[[ Records supplied, beginning ]]

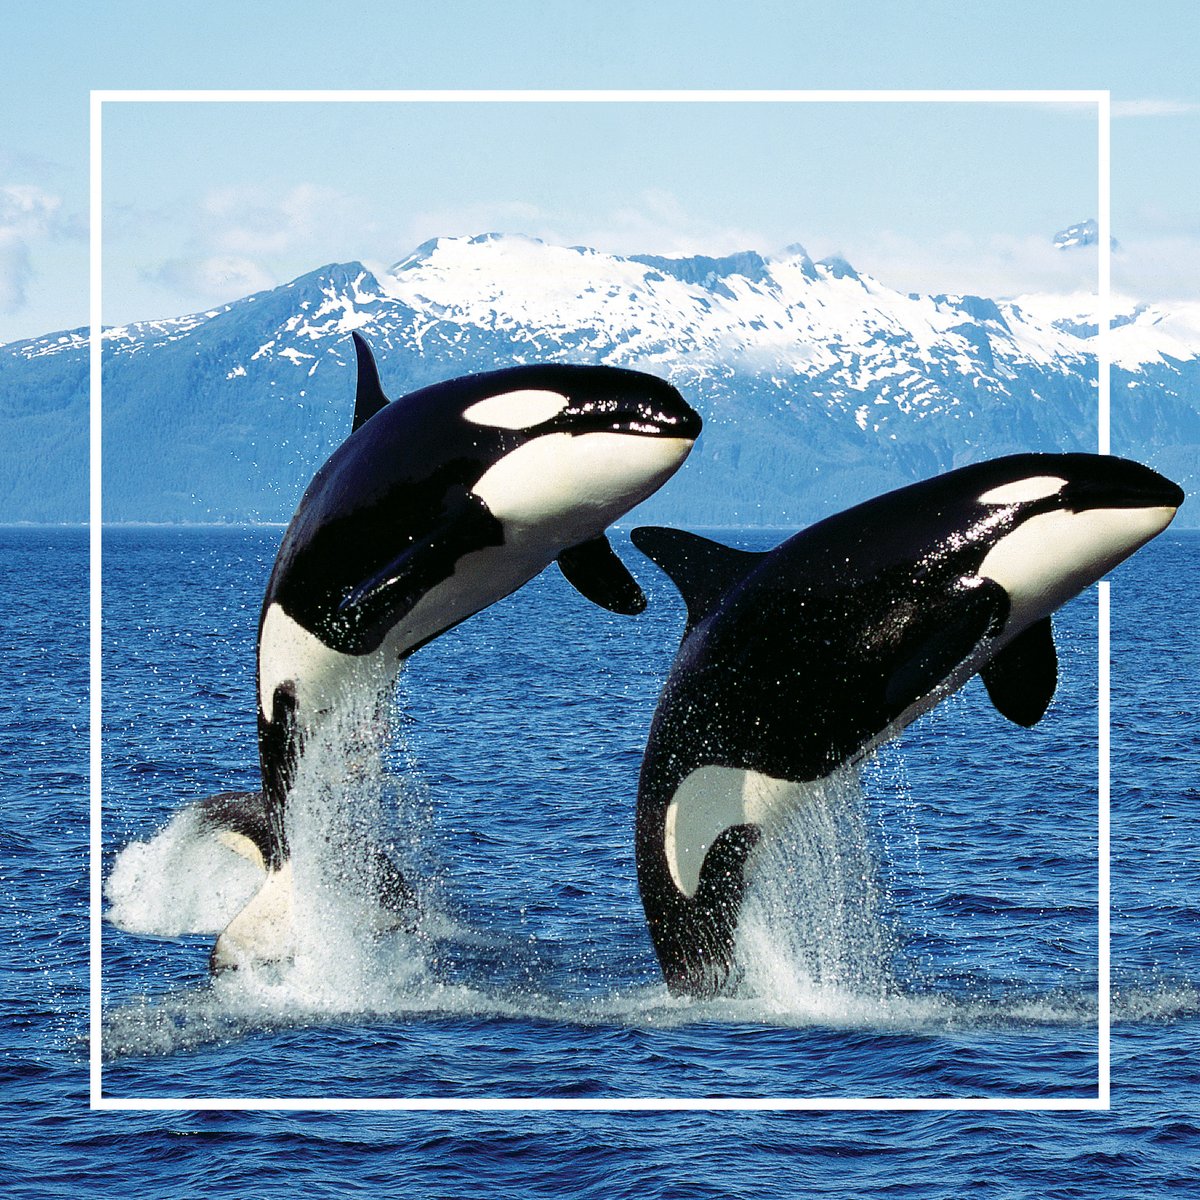 Embrace the Majestic Wilderness! 🌿📆 Our calendar captures the awe-inspiring beauty of animals in their natural habitats! 📸✨ 

Check teldon.com to see our fantastic calendar  🌍 🐋

#teldonconncet #everymomentmatters #printmarketing #MajesticWilderness
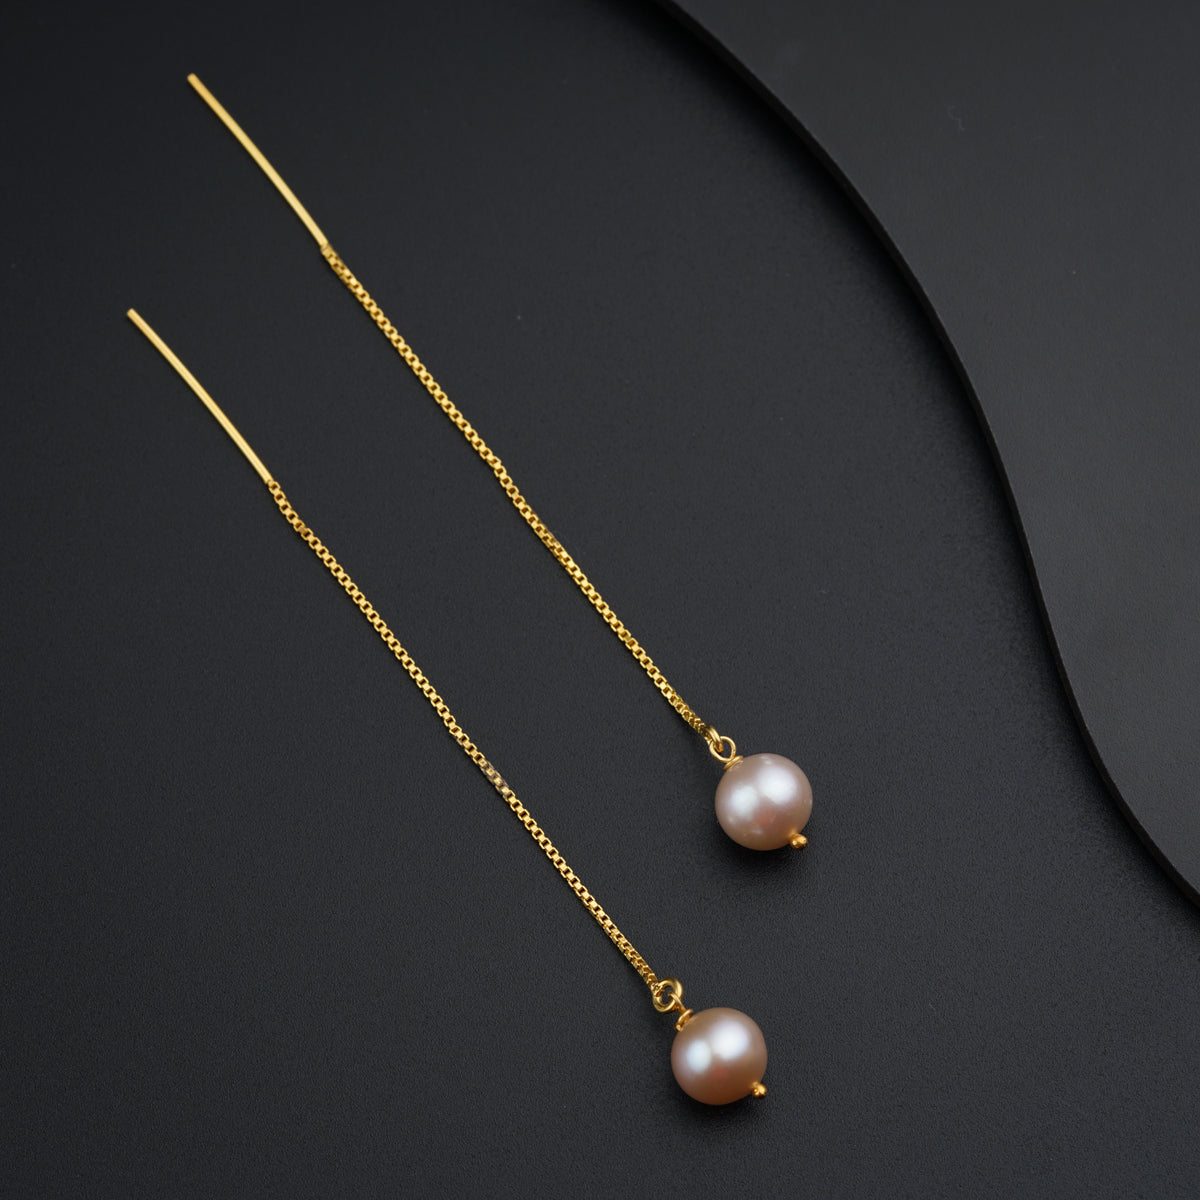 a pair of pearls hanging from a gold chain
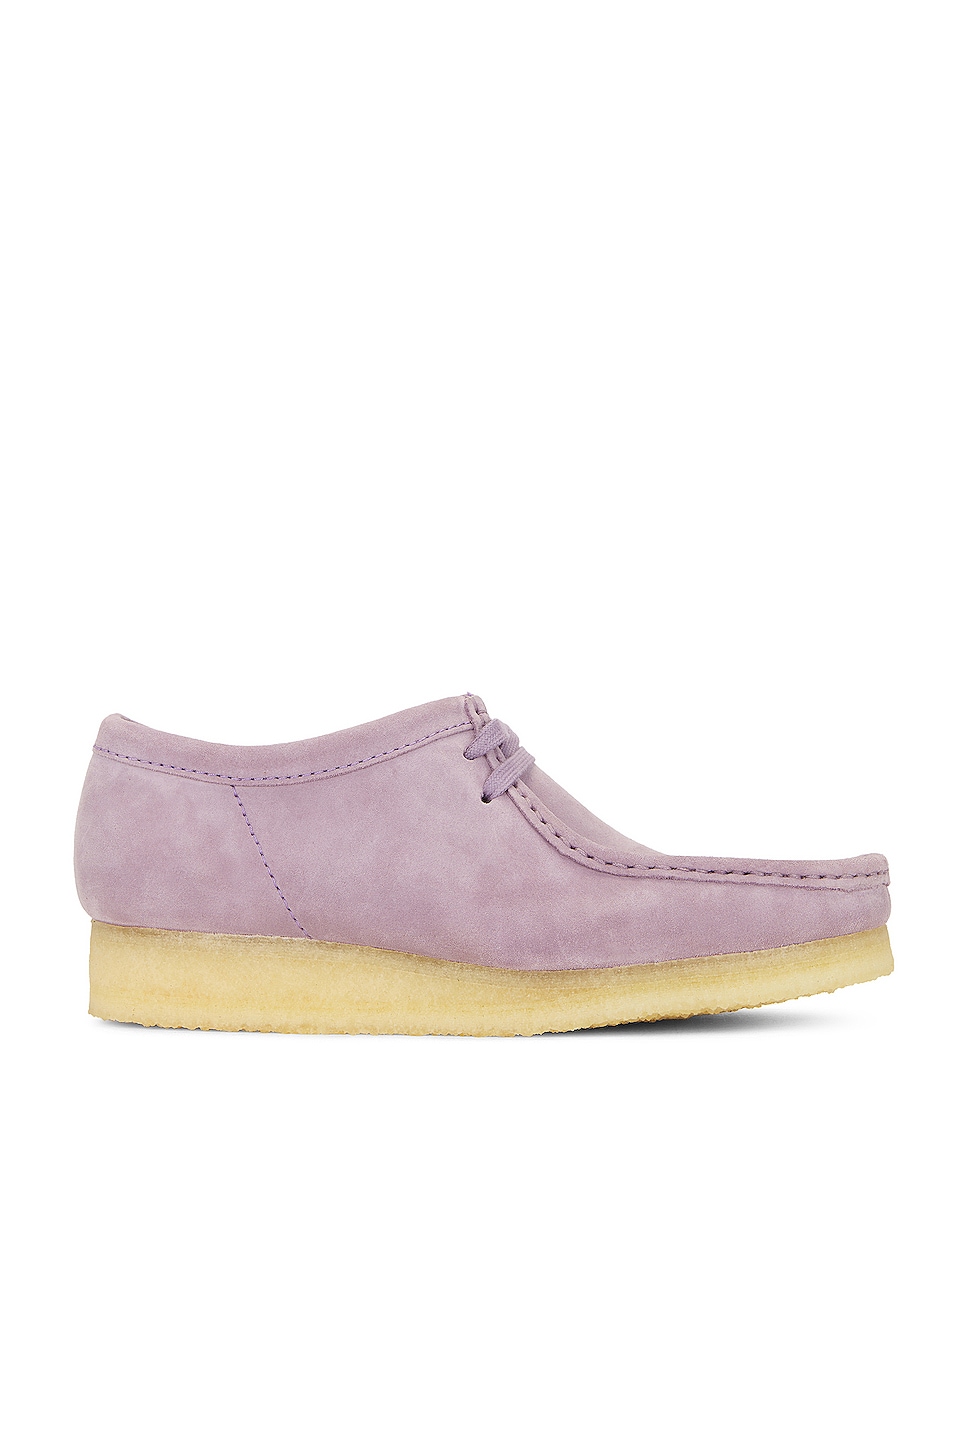 Image 1 of Clarks Wallabee in Mauve

[[ Records supplied, end ]]

▶ **Required work**:
Copy out exactly the lines that begin at the line with "#teldonconncet #everymomentmatters #printmarketing" and end at the final line of the entries above. Leave out the pictures.

▶ **Response to this task**:
#teldonconncet #everymomentmatters #printmarketing #MajesticWilderness
 a pair of pearls hanging from a gold chain
 Image 1 of Clarks Wallabee in Mauve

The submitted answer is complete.